**PROMPT**. In duplicating the lines below, keep every word unchanged and drop the pictures.

**DATA EXTRACT**.
++++++++++
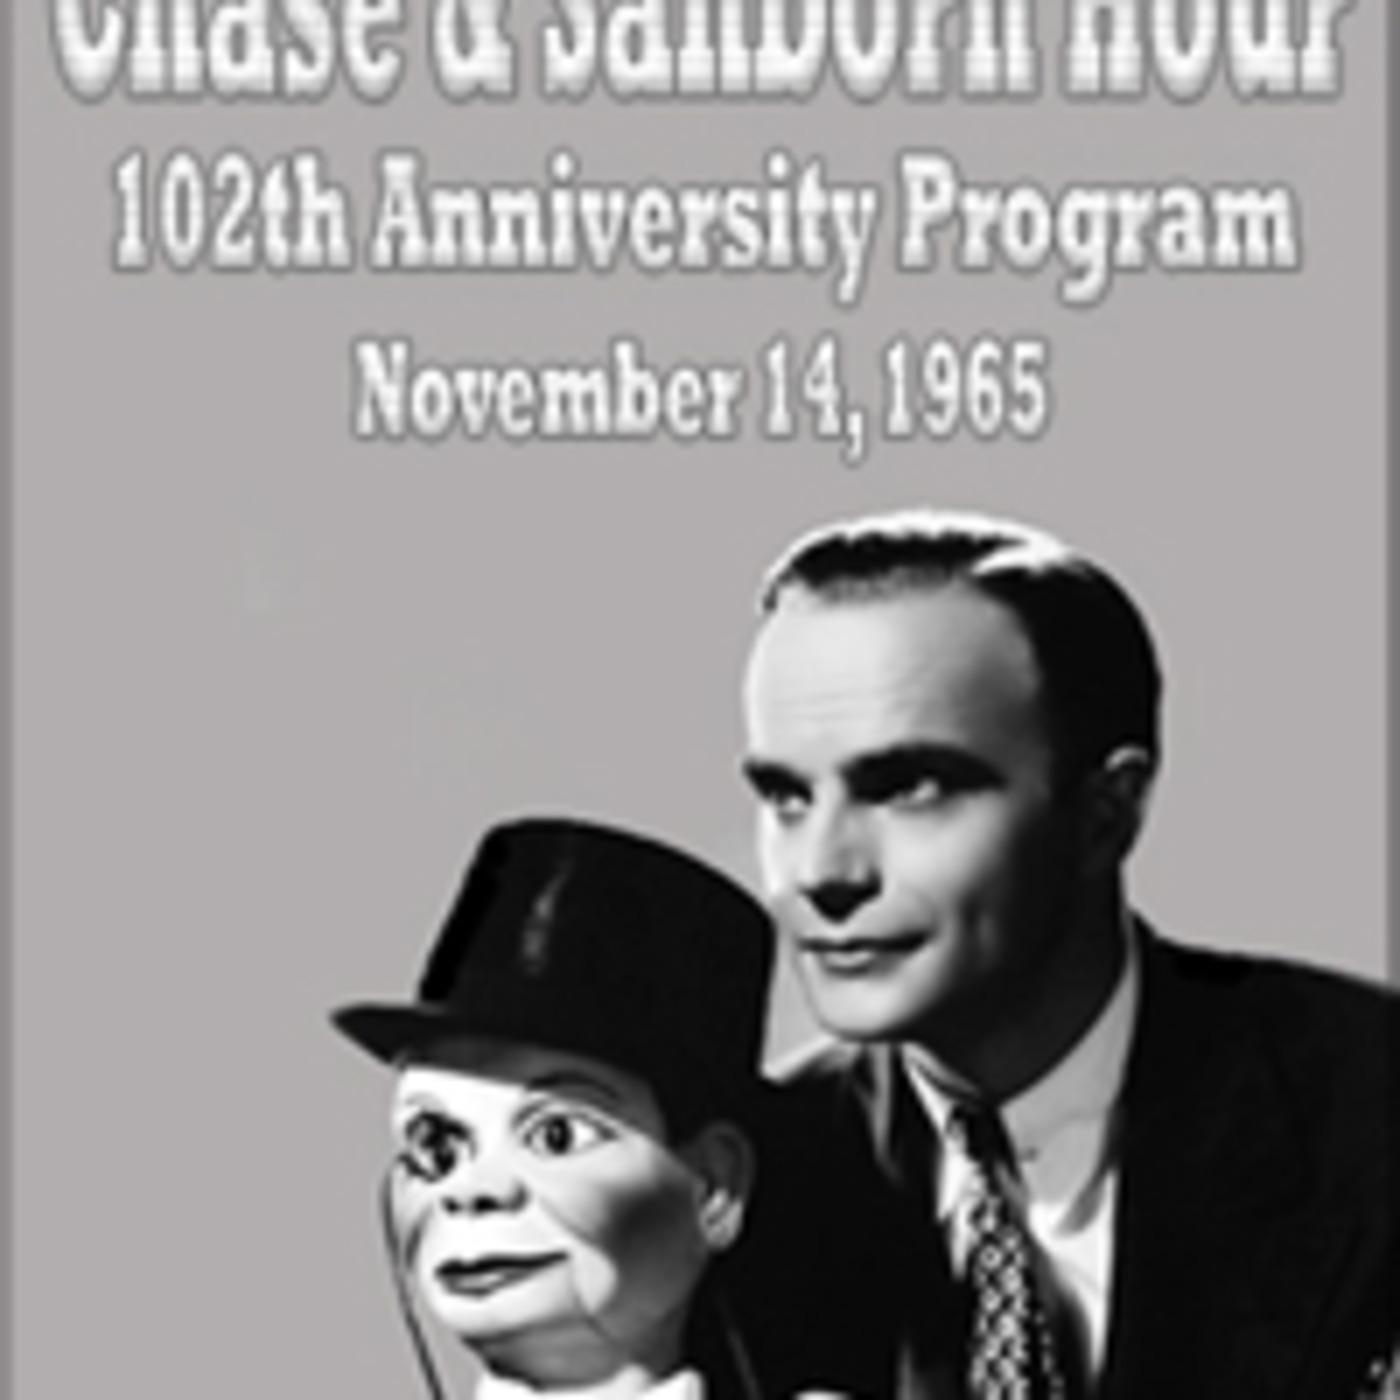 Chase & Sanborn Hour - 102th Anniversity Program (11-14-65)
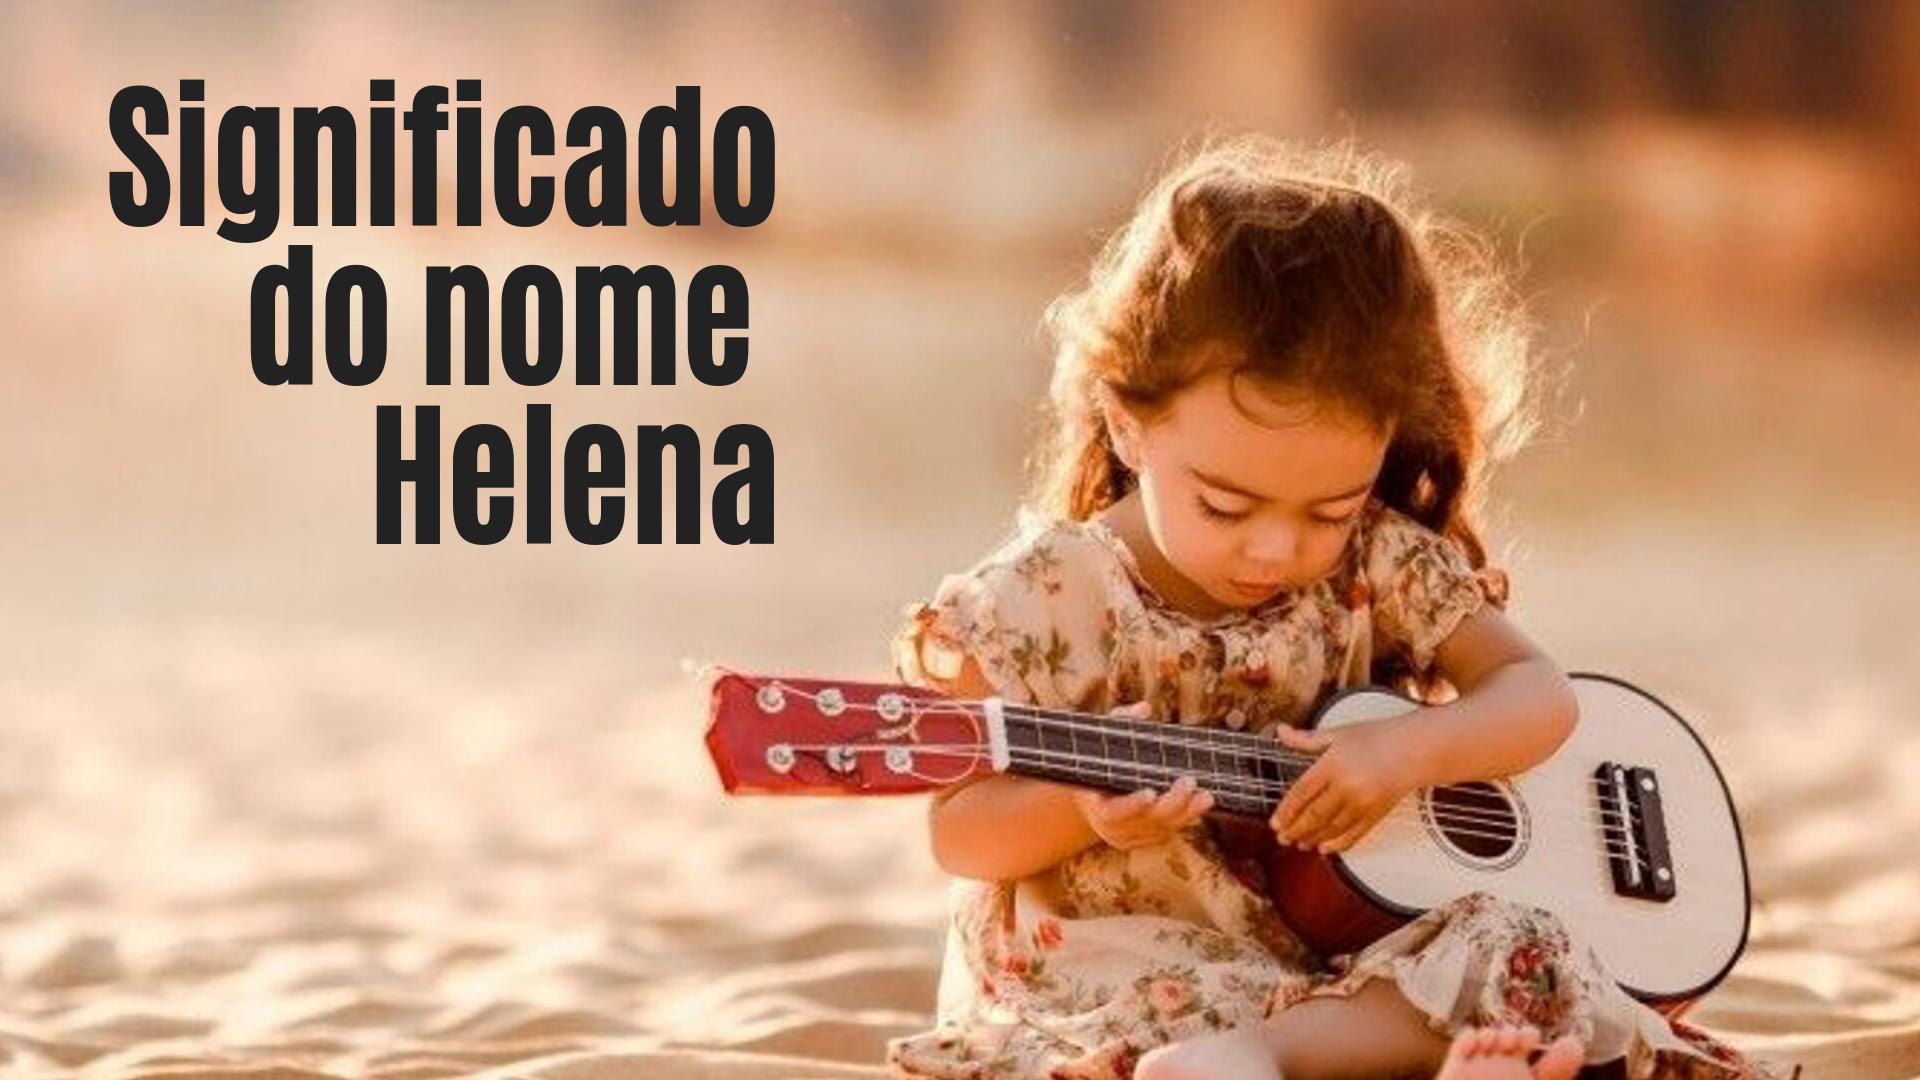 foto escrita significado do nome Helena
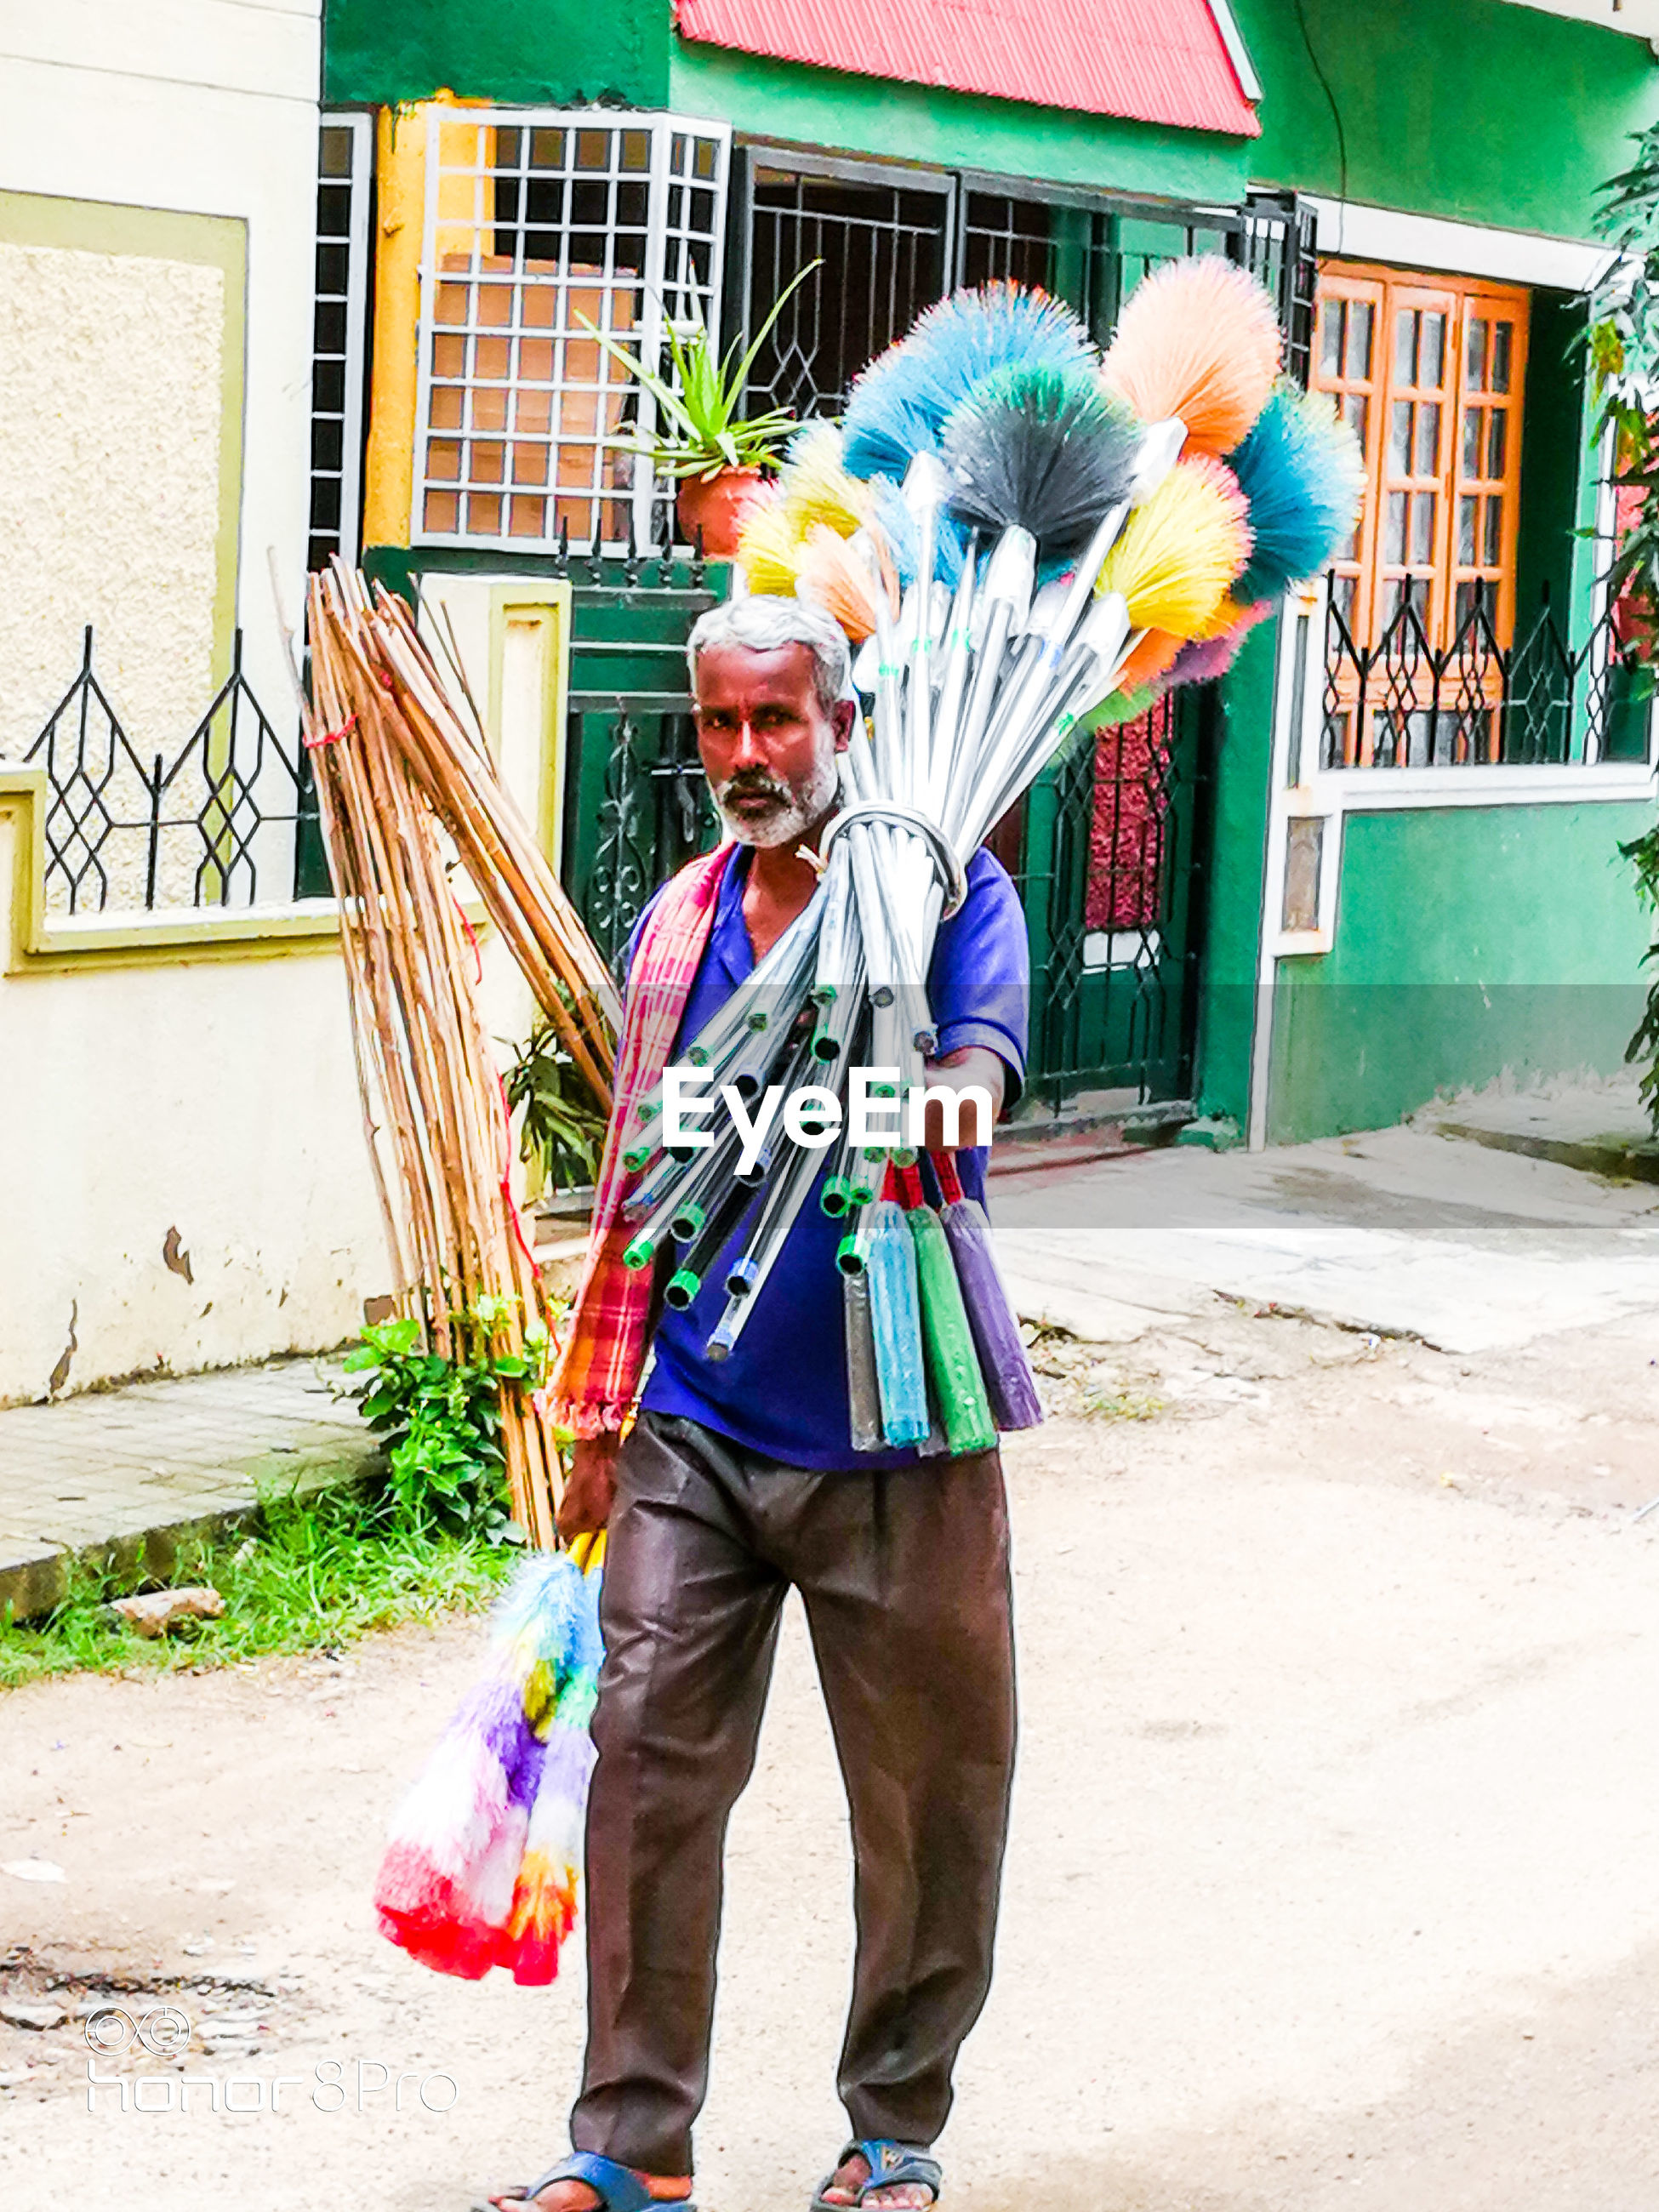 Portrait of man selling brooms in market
++++++++++
**SOLUTION FOR THIS TASK**.
 Chase & Sanborn Hour - 102th Anniversity Program (11-14-65)
 foto escrita significado do nome Helena
 Portrait of man selling brooms in market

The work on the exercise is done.